- [WHAT YOU ARE ASKED TO DO]:
Please set down the data again exactly, minus the pictures.

- [GIVEN INFORMATION]:
+ + + +
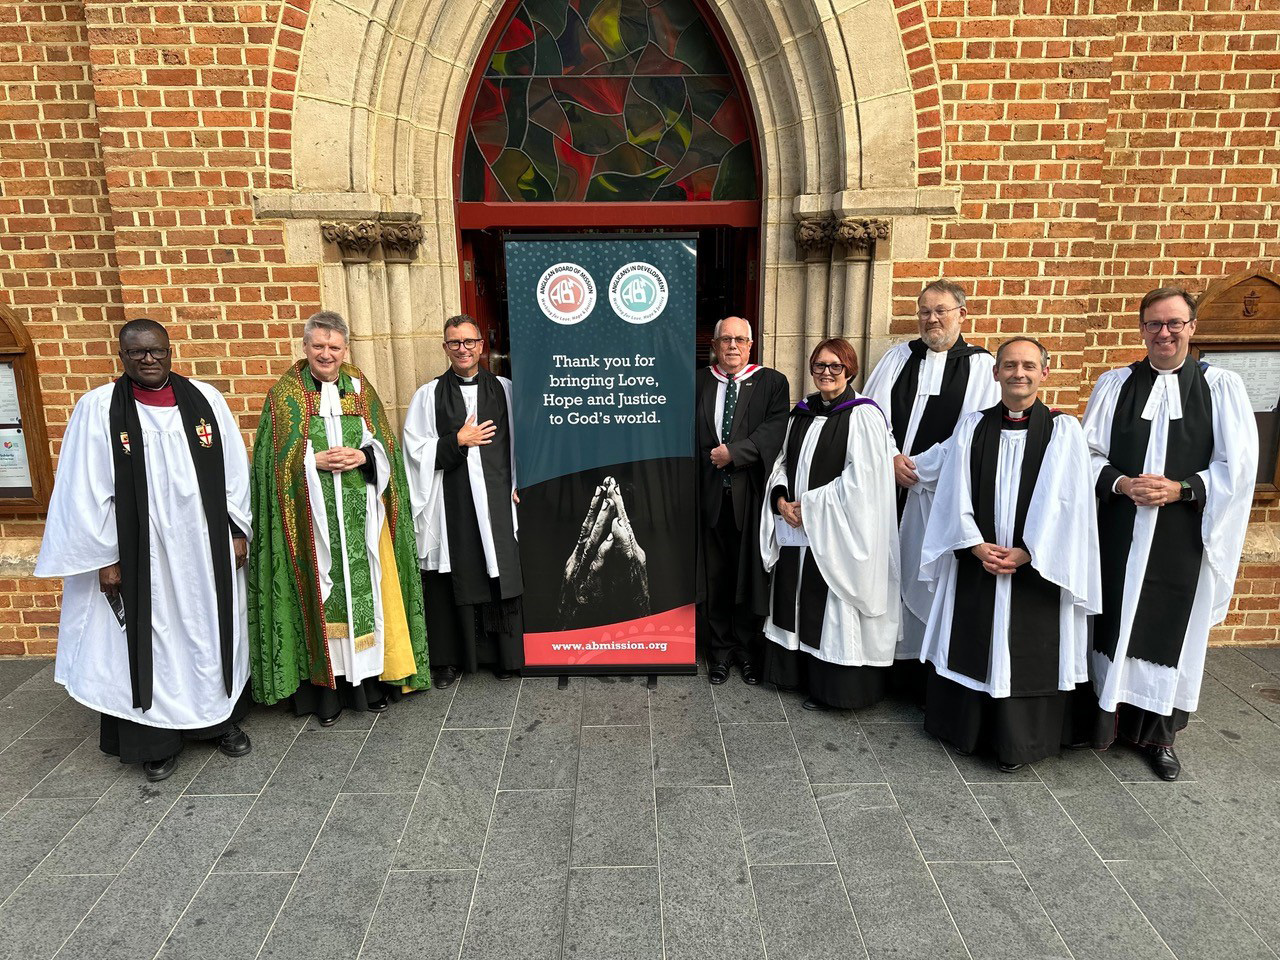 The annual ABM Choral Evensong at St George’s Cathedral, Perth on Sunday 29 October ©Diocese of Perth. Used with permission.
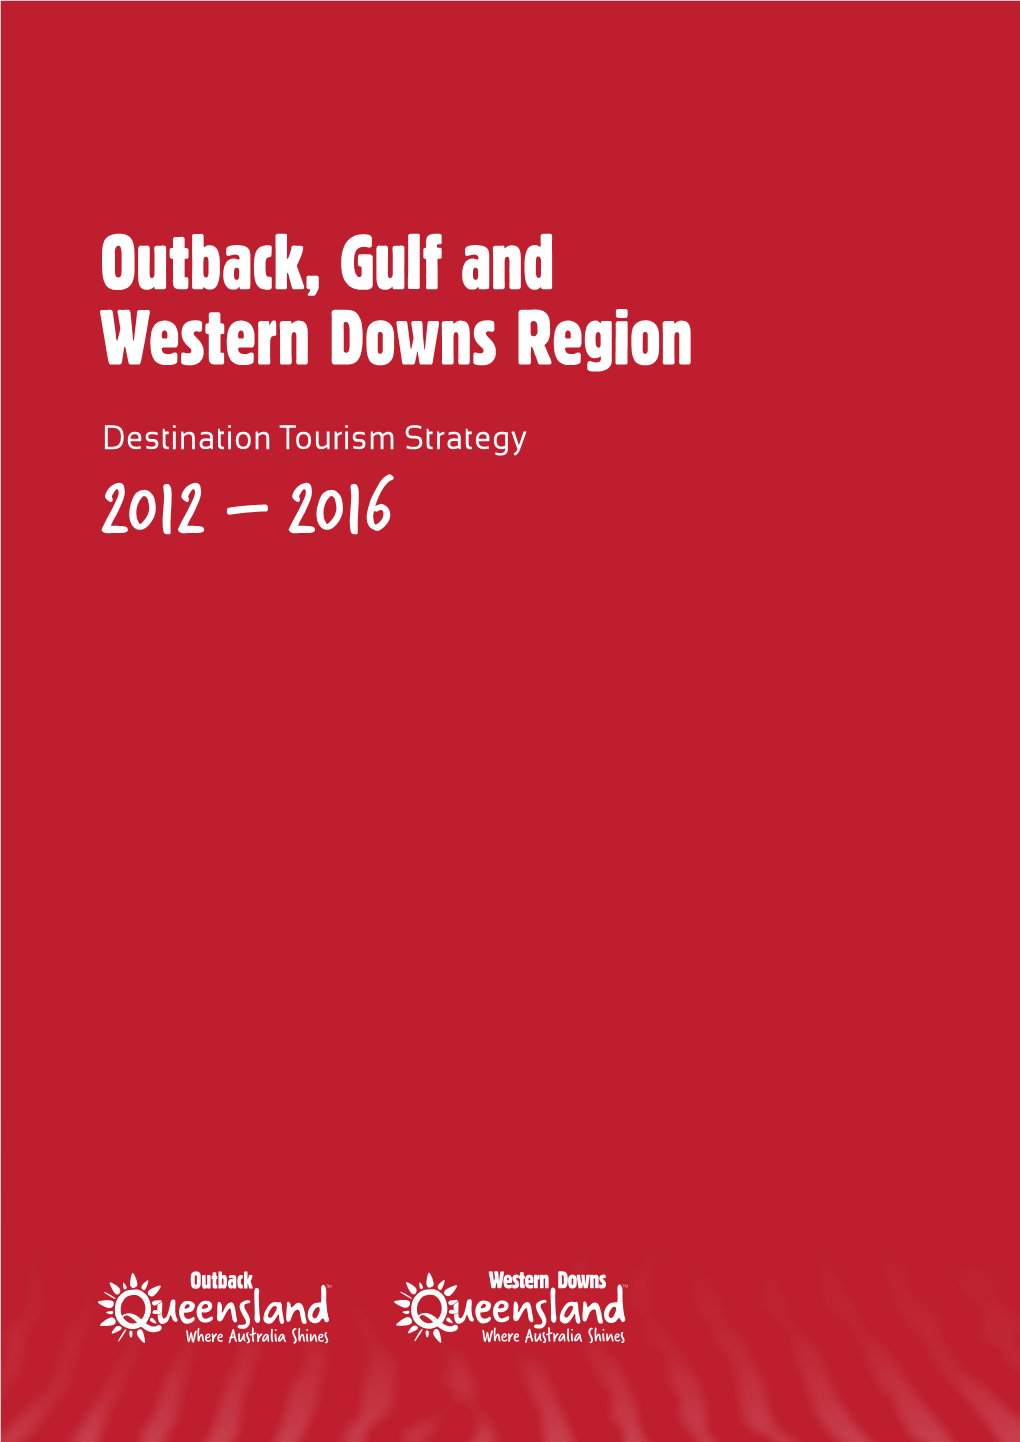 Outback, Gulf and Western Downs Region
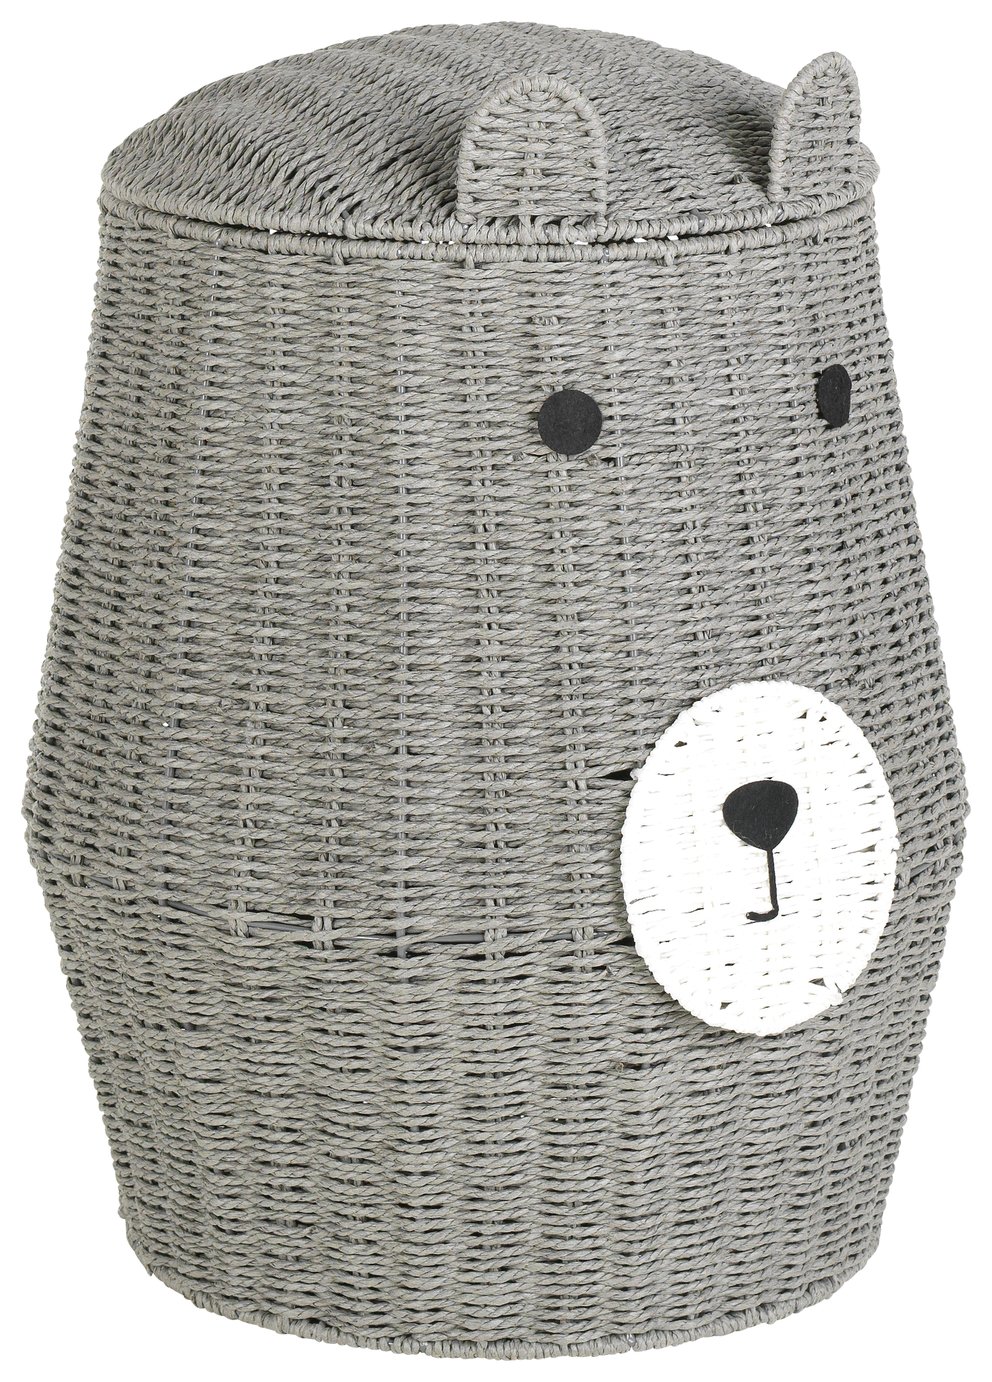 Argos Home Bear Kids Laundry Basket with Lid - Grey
+ + + +
- [ANSWER SECTION]:
 The annual ABM Choral Evensong at St George’s Cathedral, Perth on Sunday 29 October ©Diocese of Perth. Used with permission.
 Outback, Gulf and Western Downs Region
 Argos Home Bear Kids Laundry Basket with Lid - Grey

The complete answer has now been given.